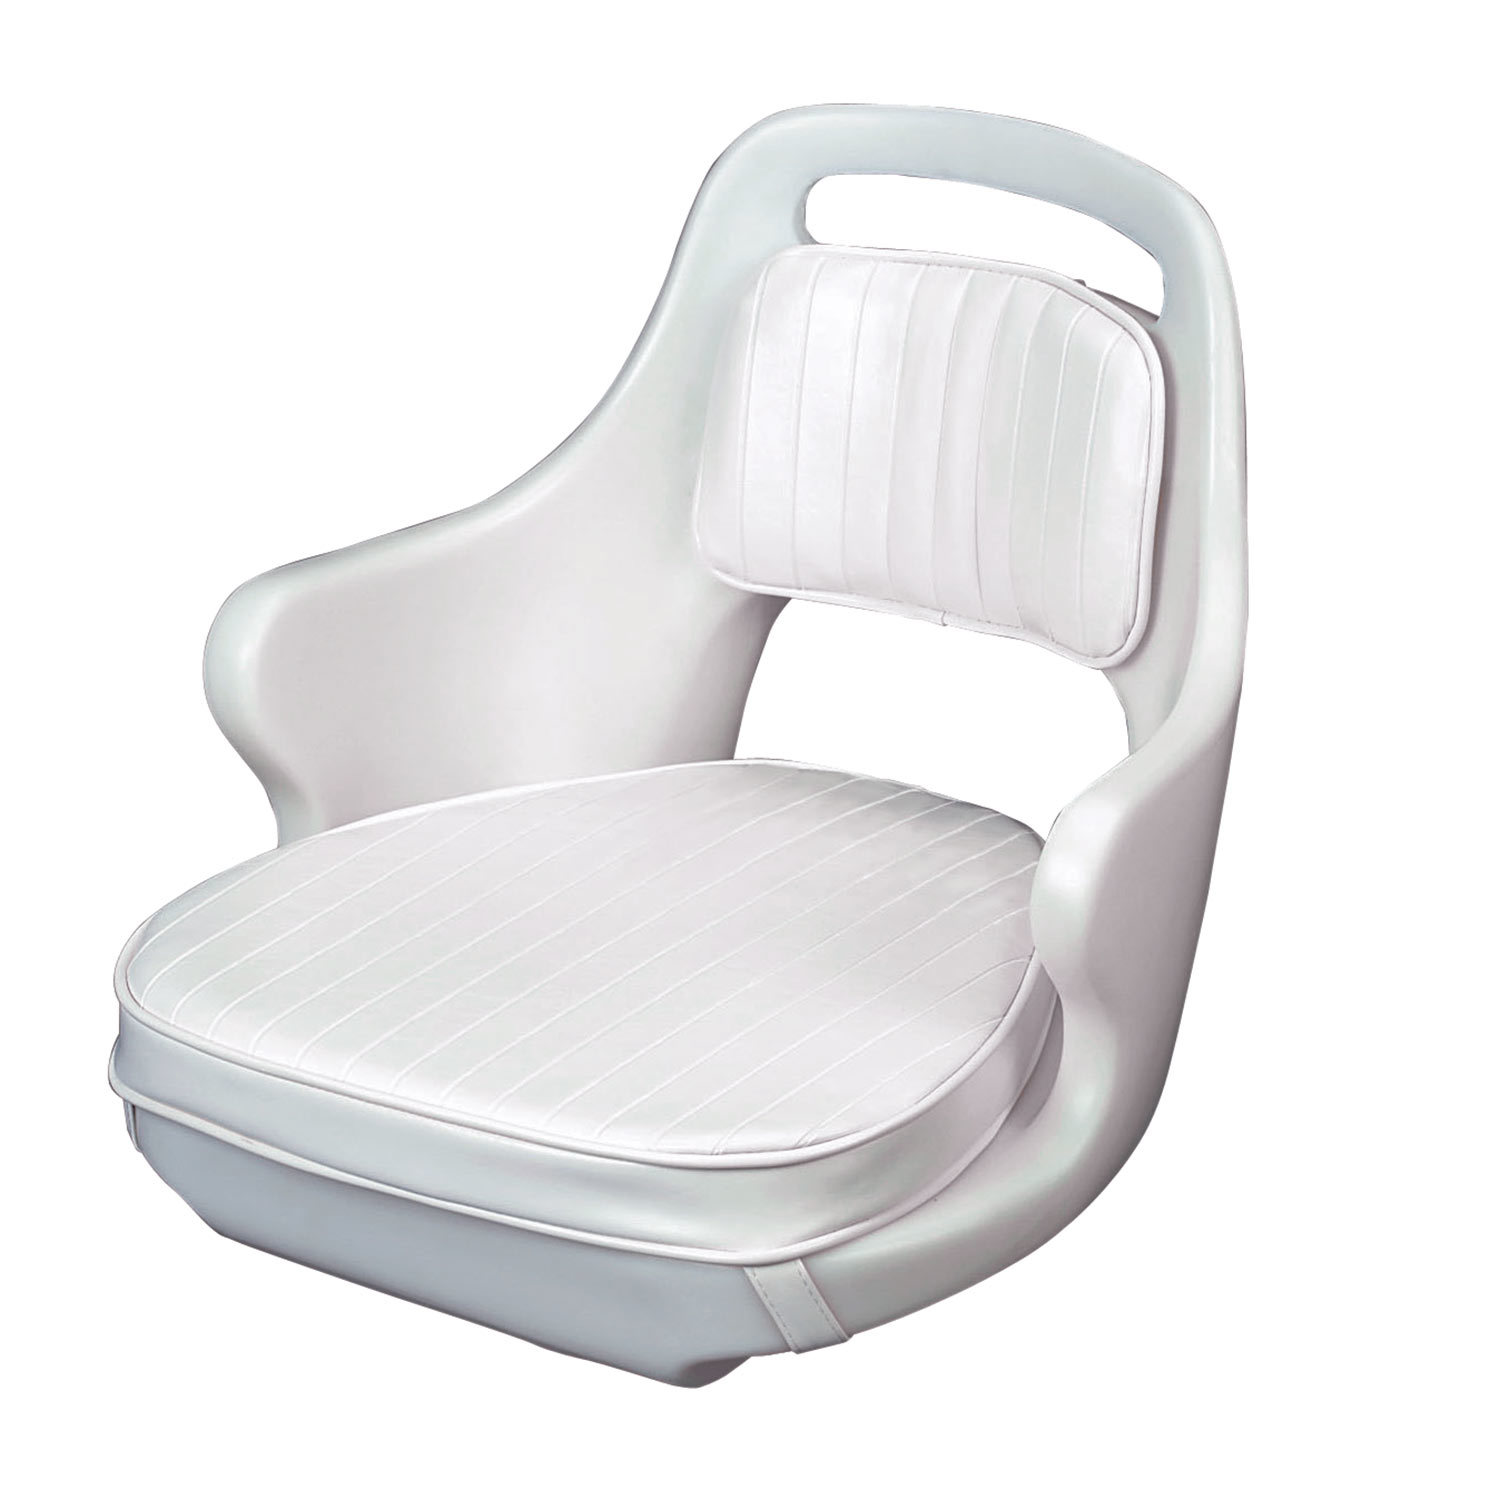 POLYWOOD® South Lifeguard Chair Seat Replacement Cushion
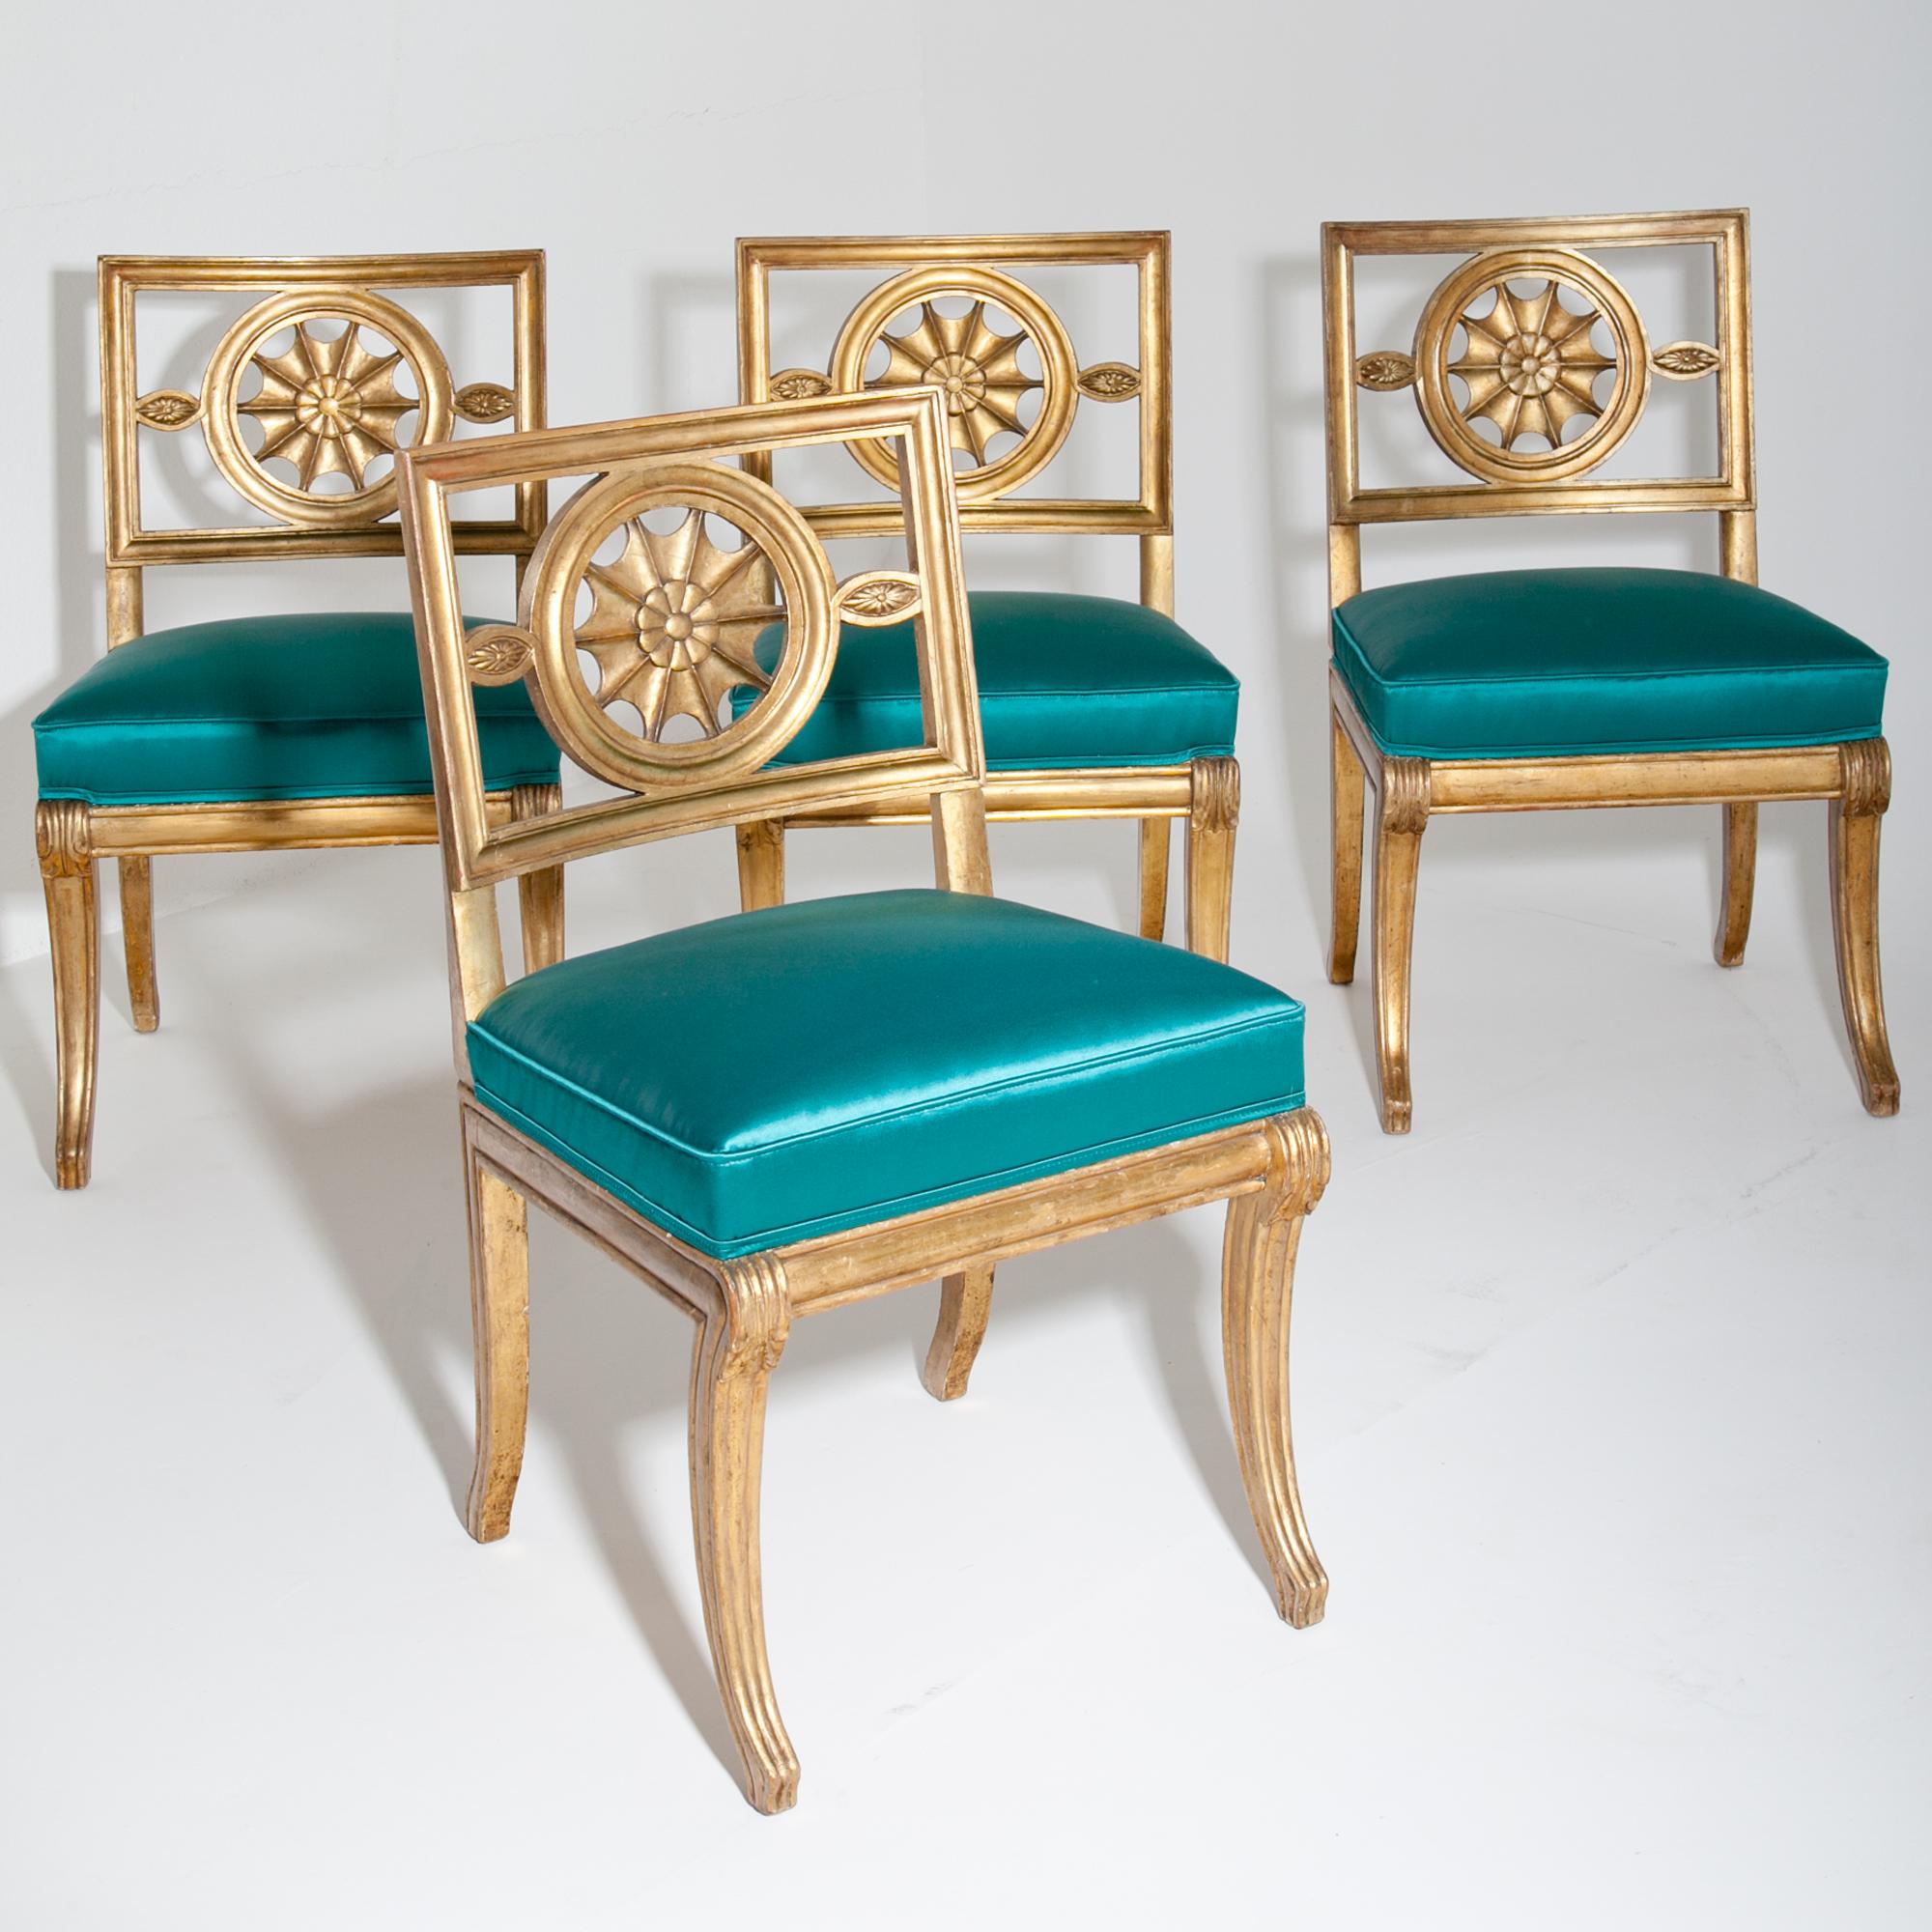 Four gilt chairs and one armchair with curved legs and backrests with a star shaped décor element. The chairs were reupholstered with a high-quality turquoise-blue fabric. The original chair was designed for Castle Wörlitz. 
Lit.: H. Schmitz:
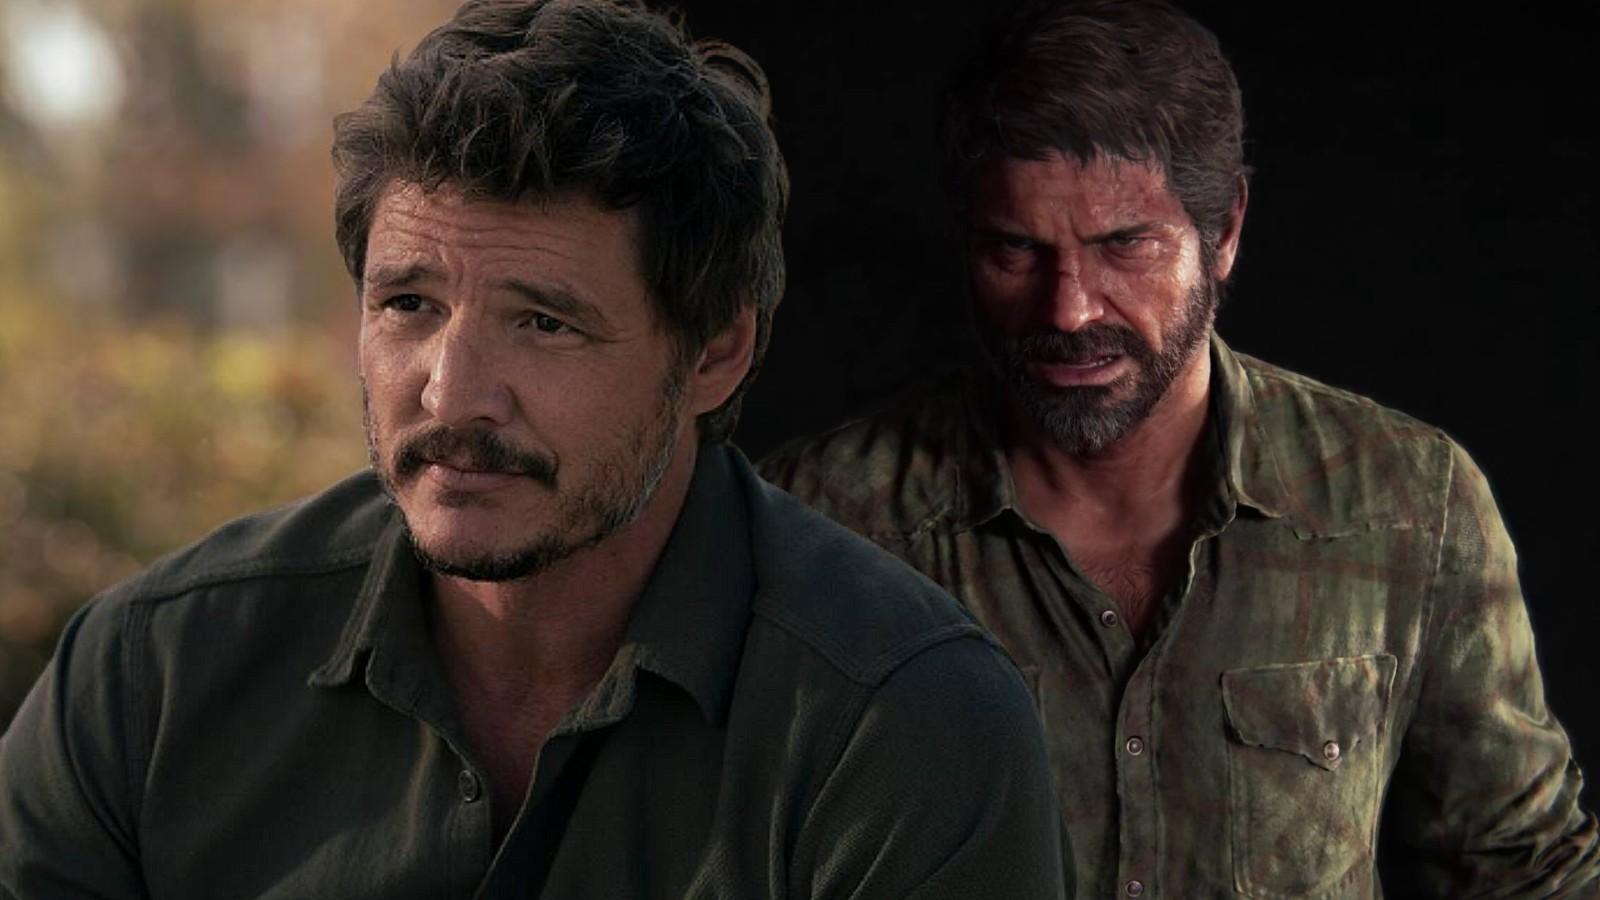 Pedro Pascal as Joel in The Last of Us and a still from the game

:::

HOW TO COMPLETE THIS TASK:
Where images occur in the data above, leave them out and repeat everything else exactly.

ANSWER TO THIS EXERCISE:
 POLYWOOD® South Lifeguard Chair Seat Replacement Cushion
 Four gilt chairs and one armchair with curved legs and backrests with a star shaped décor element. The chairs were reupholstered with a high-quality turquoise-blue fabric. The original chair was designed for Castle Wörlitz. 
Lit.: H. Schmitz:
 Pedro Pascal as Joel in The Last of Us and a still from the game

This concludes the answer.